- **Problem to work on**: Skipping all pictures, print exactly the lines below from the one with "apple basket in a garden" through the final line.

- **Supplied information**:
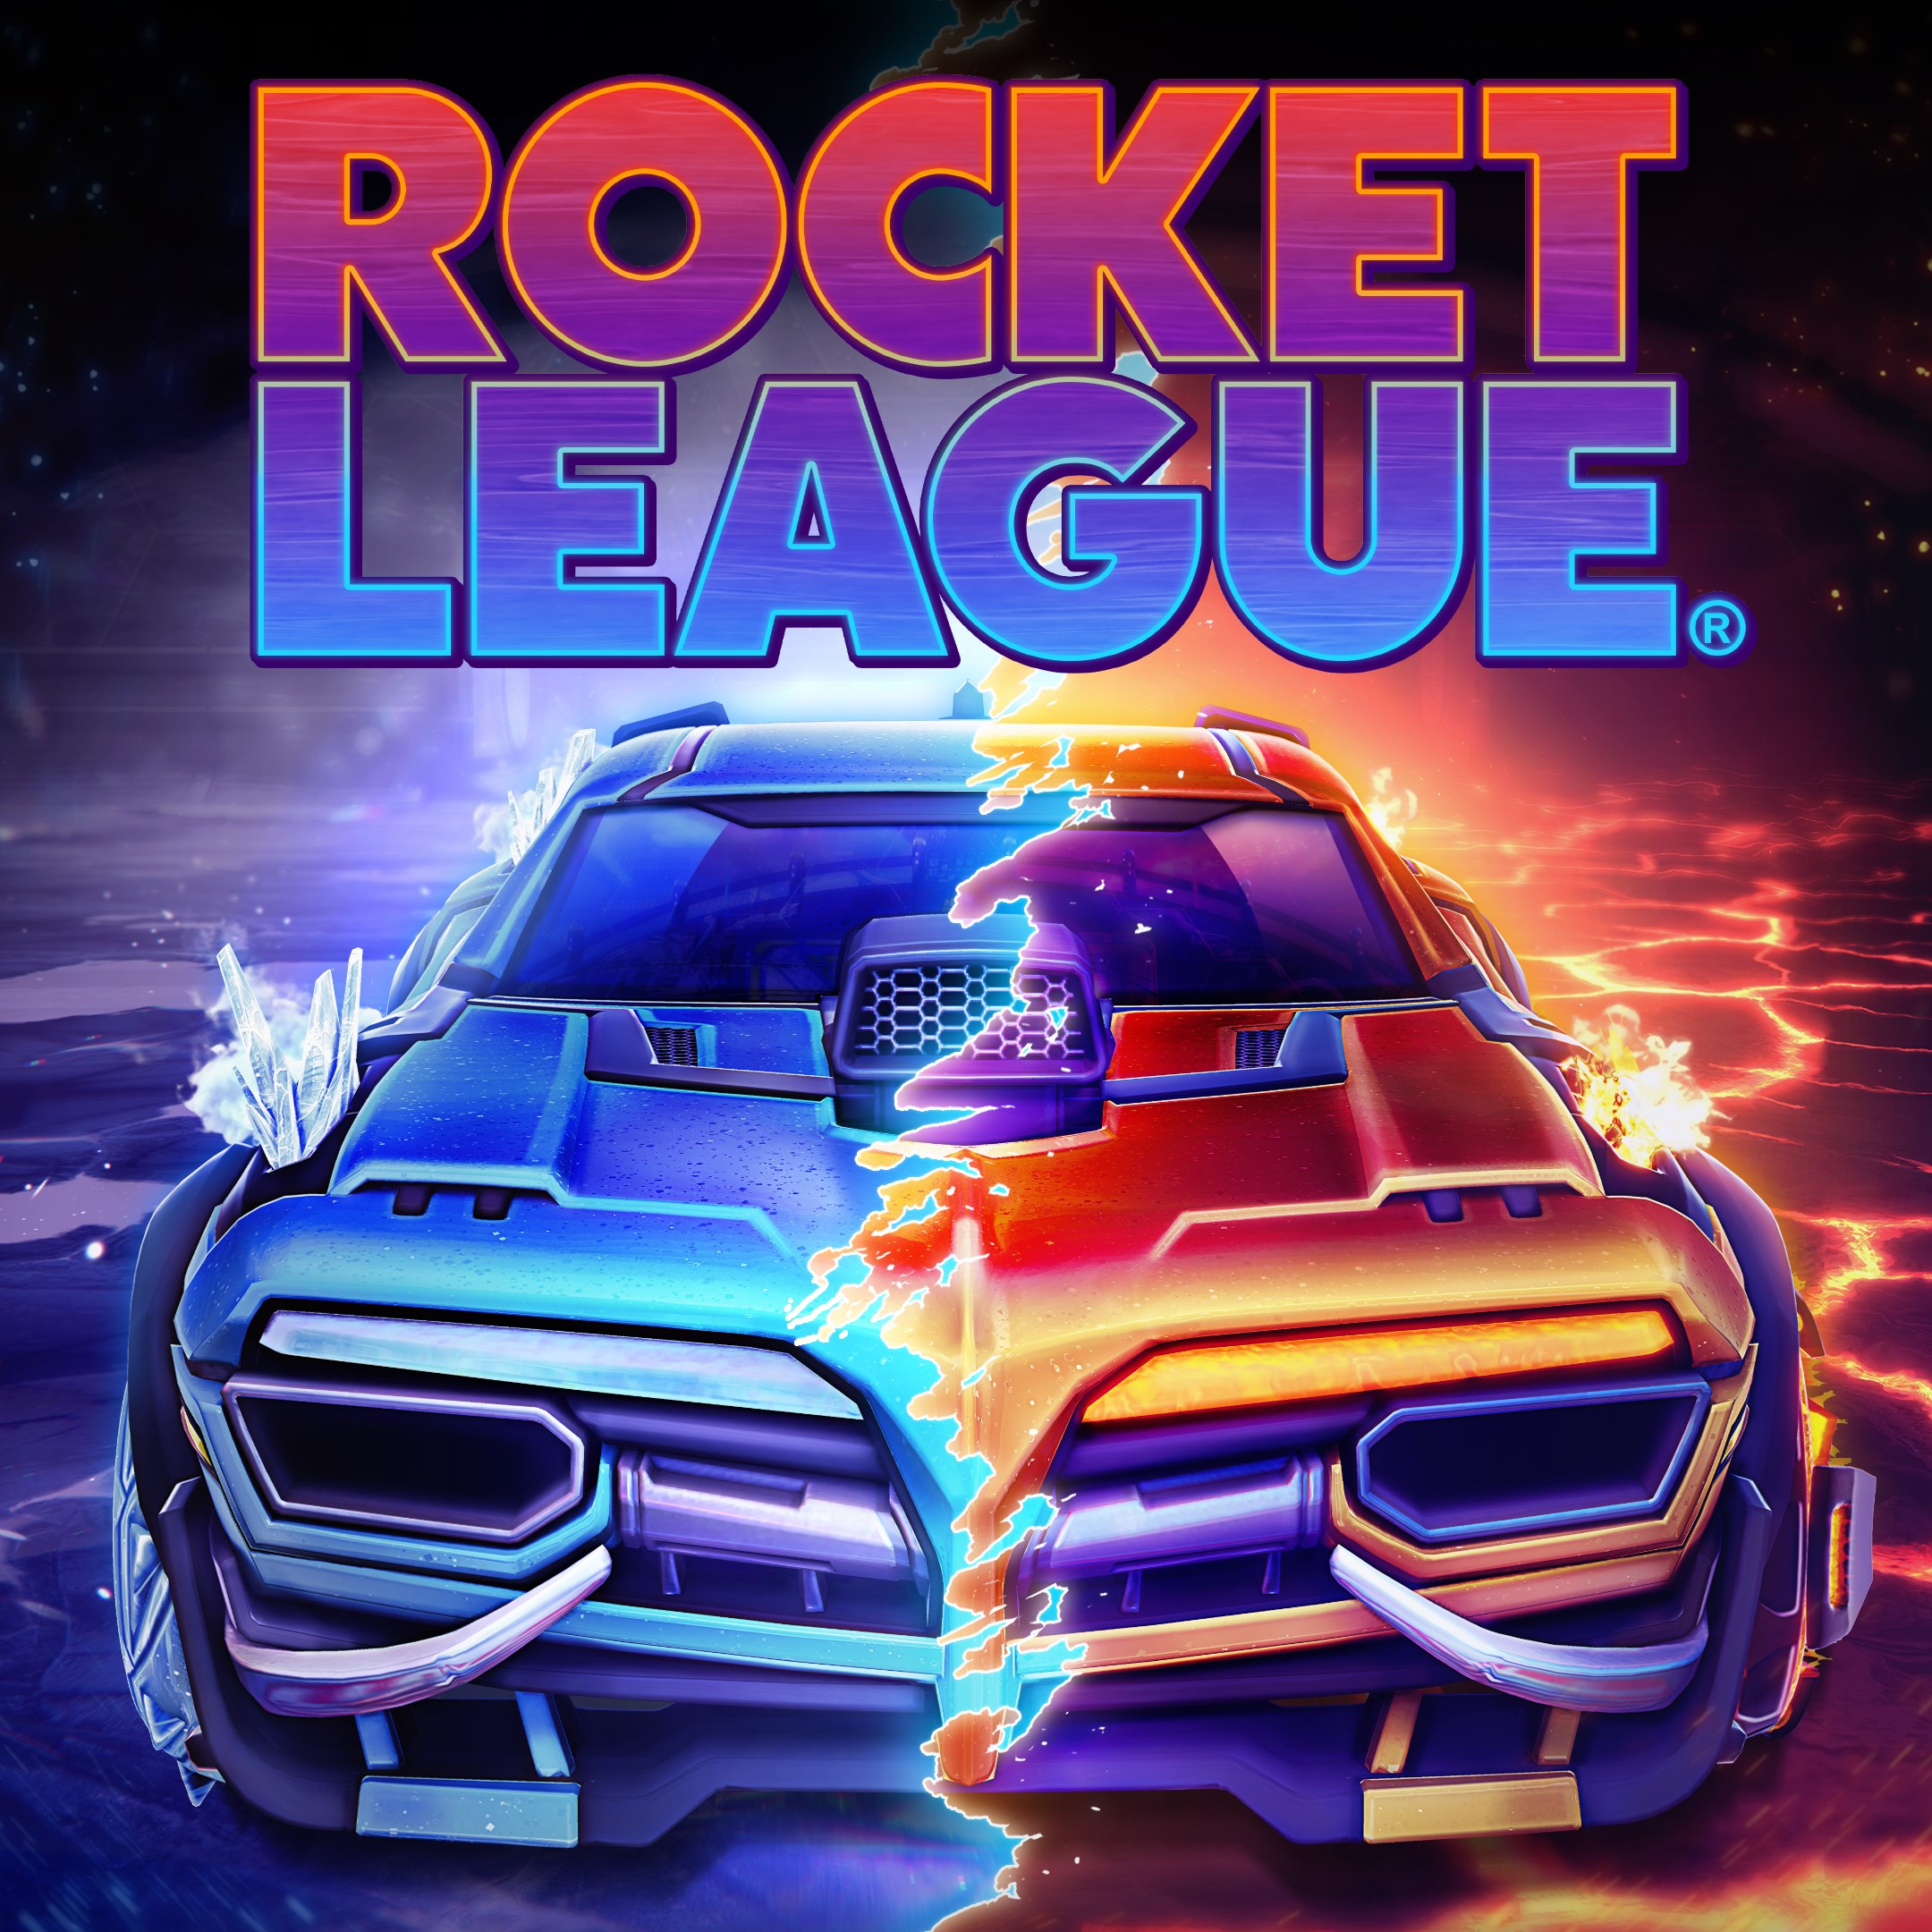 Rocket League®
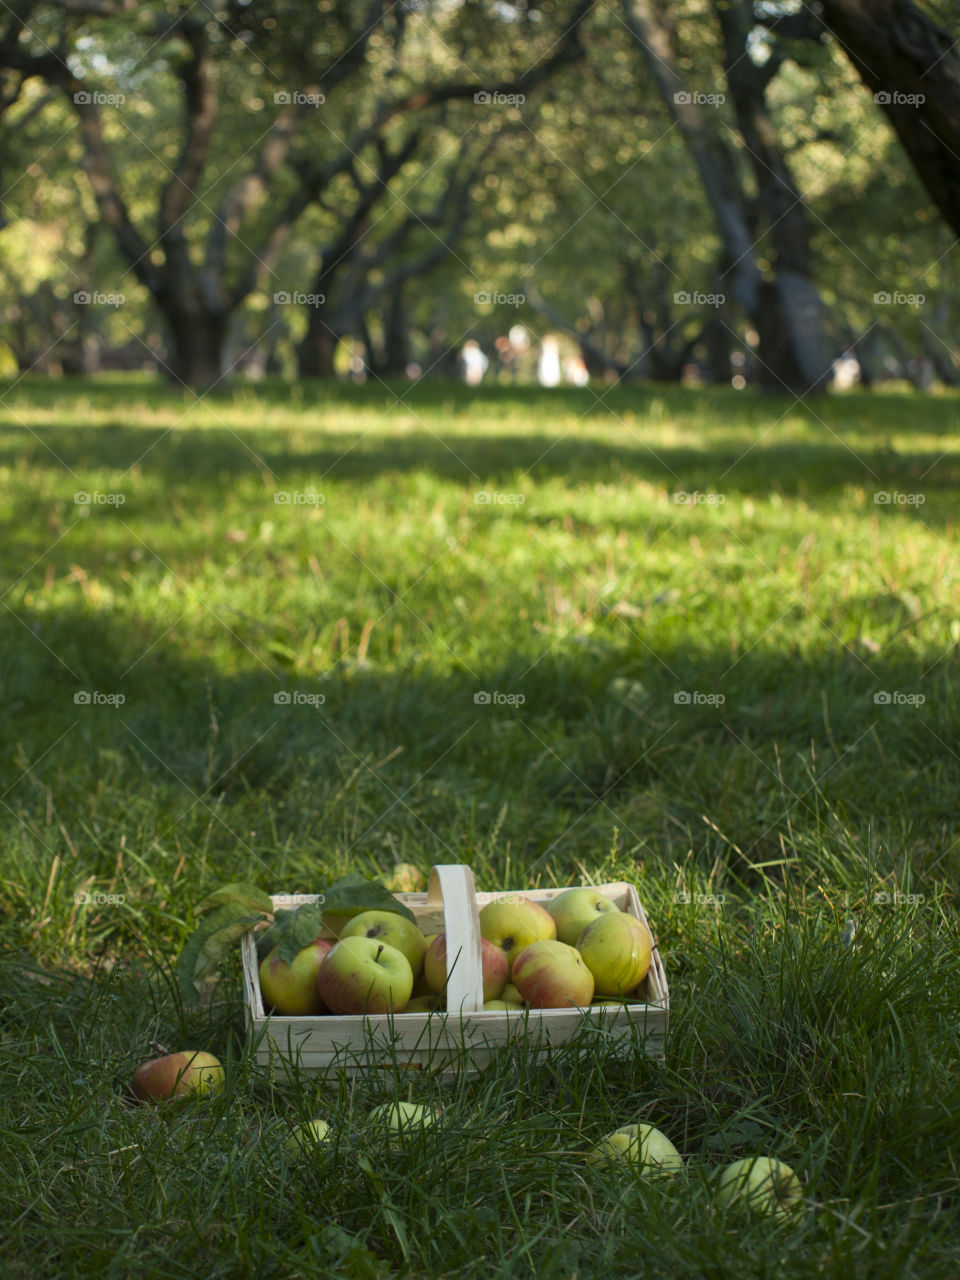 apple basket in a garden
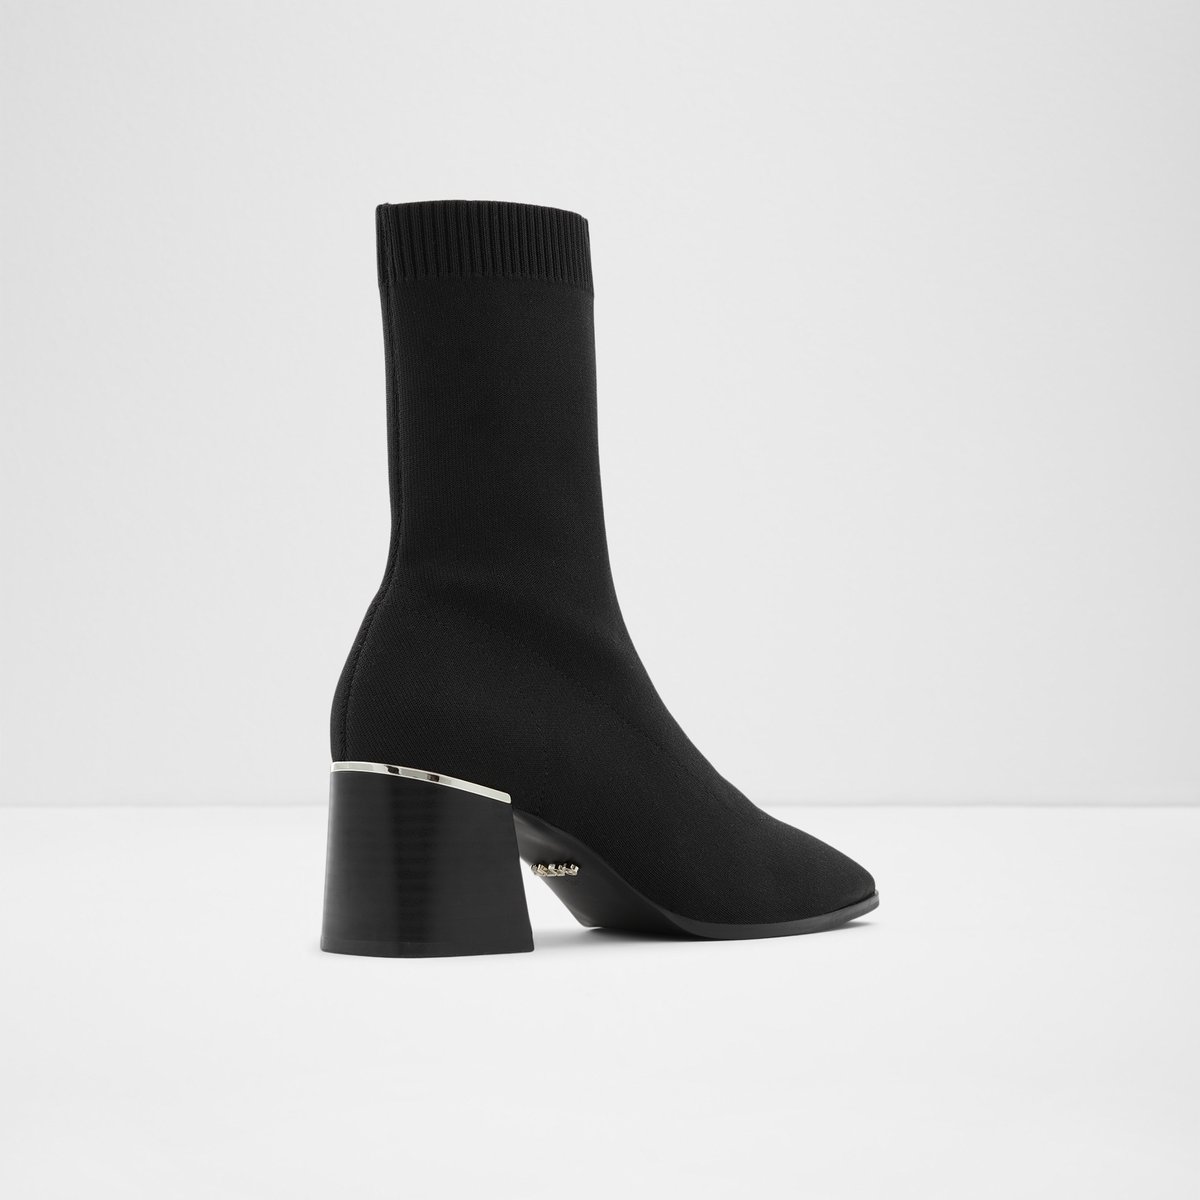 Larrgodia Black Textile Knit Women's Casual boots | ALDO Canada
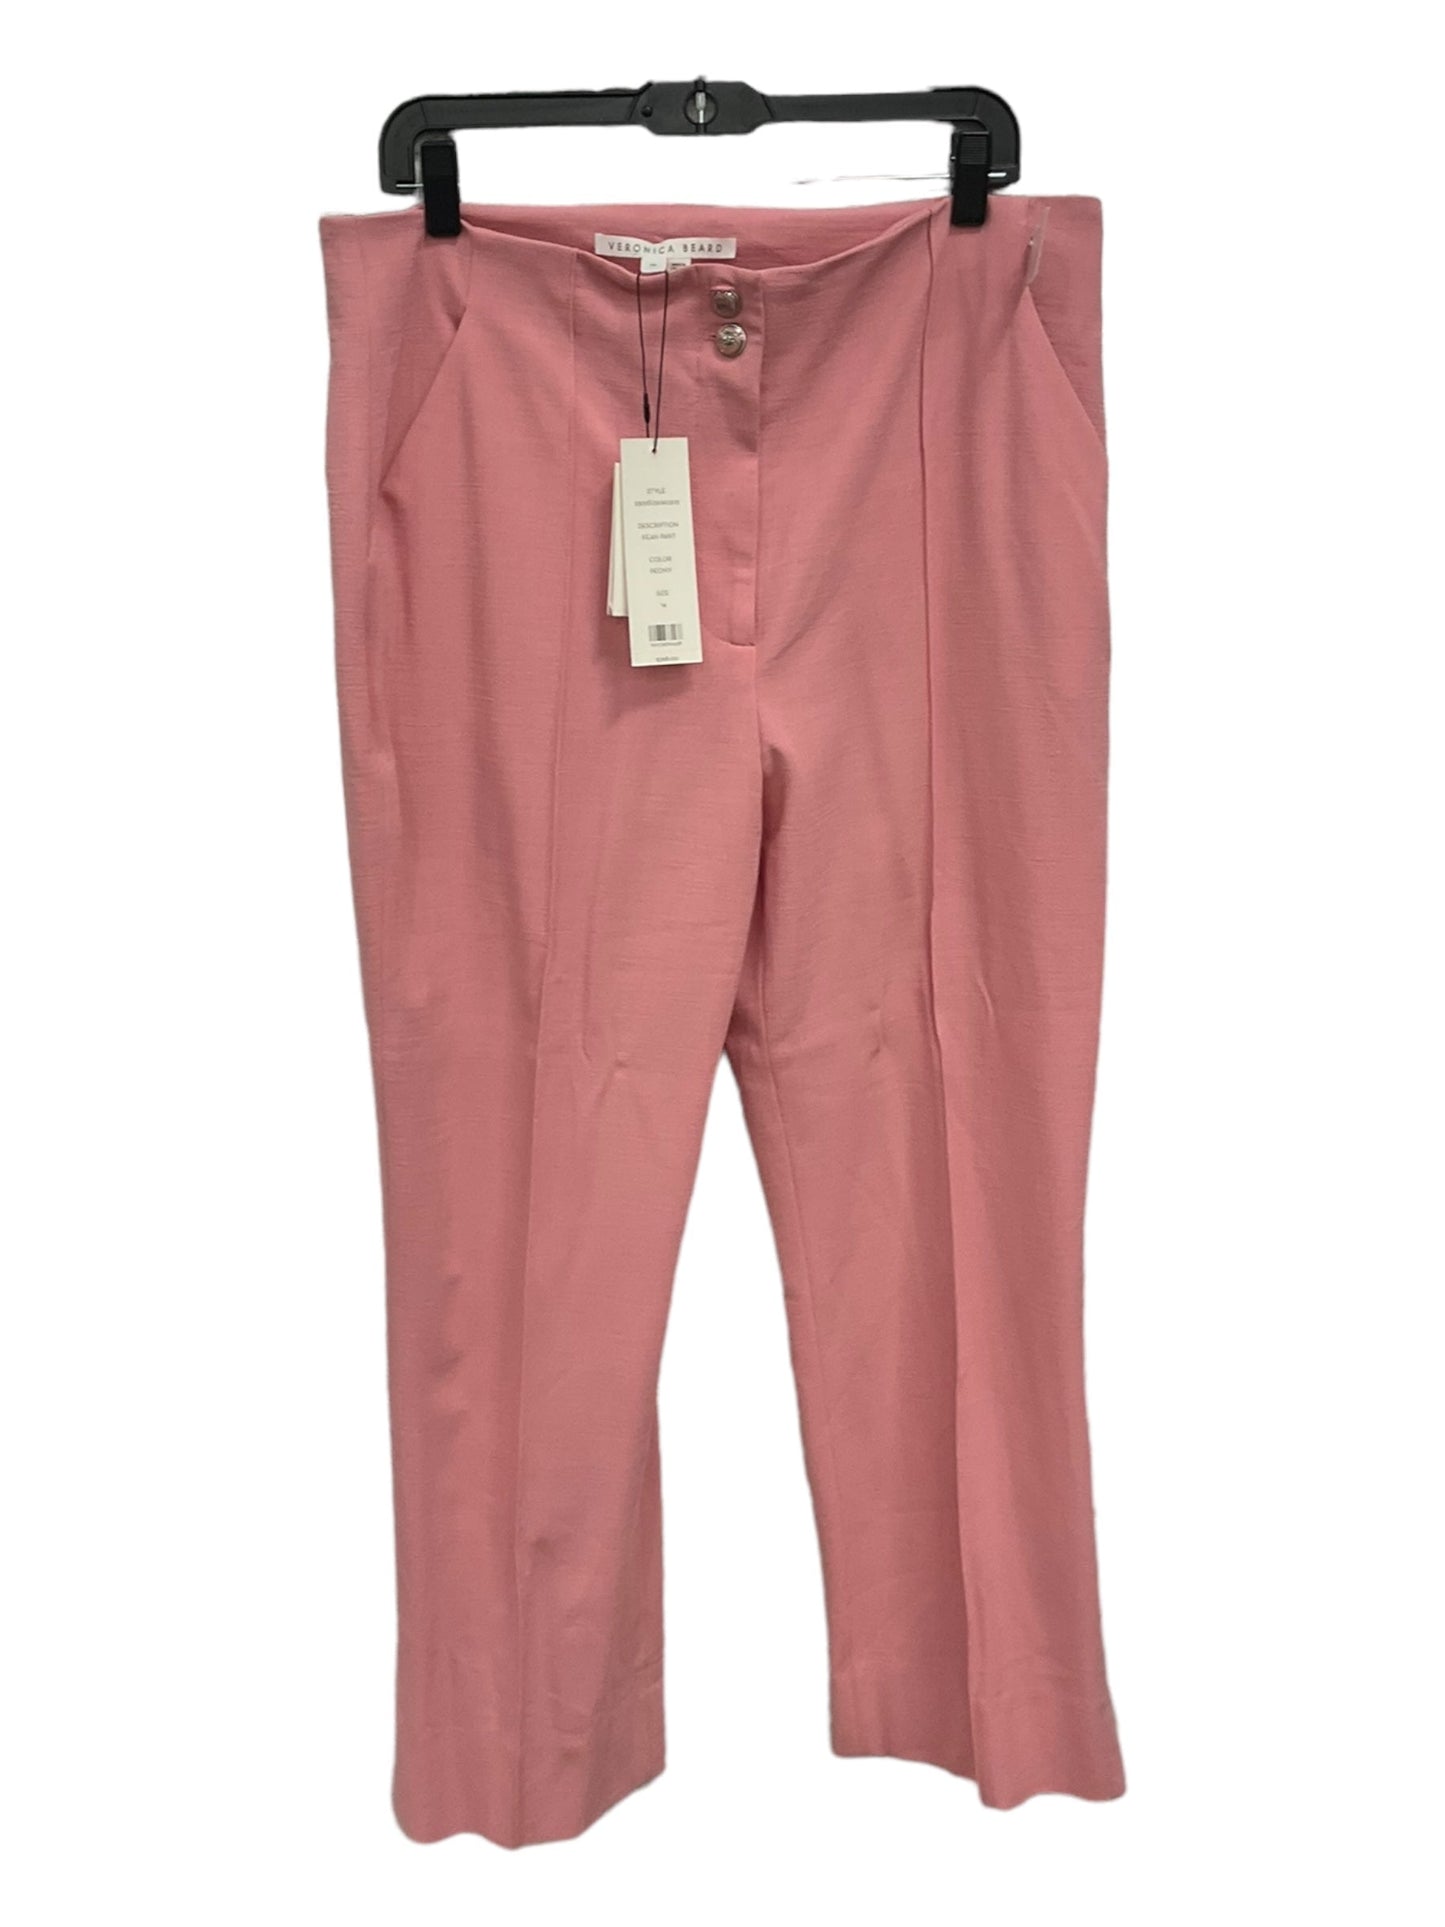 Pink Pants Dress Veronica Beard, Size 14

- **Answer for the task**:
 apple basket in a garden
 Larrgodia Black Textile Knit Women's Casual boots | ALDO Canada
 Pink Pants Dress Veronica Beard, Size 14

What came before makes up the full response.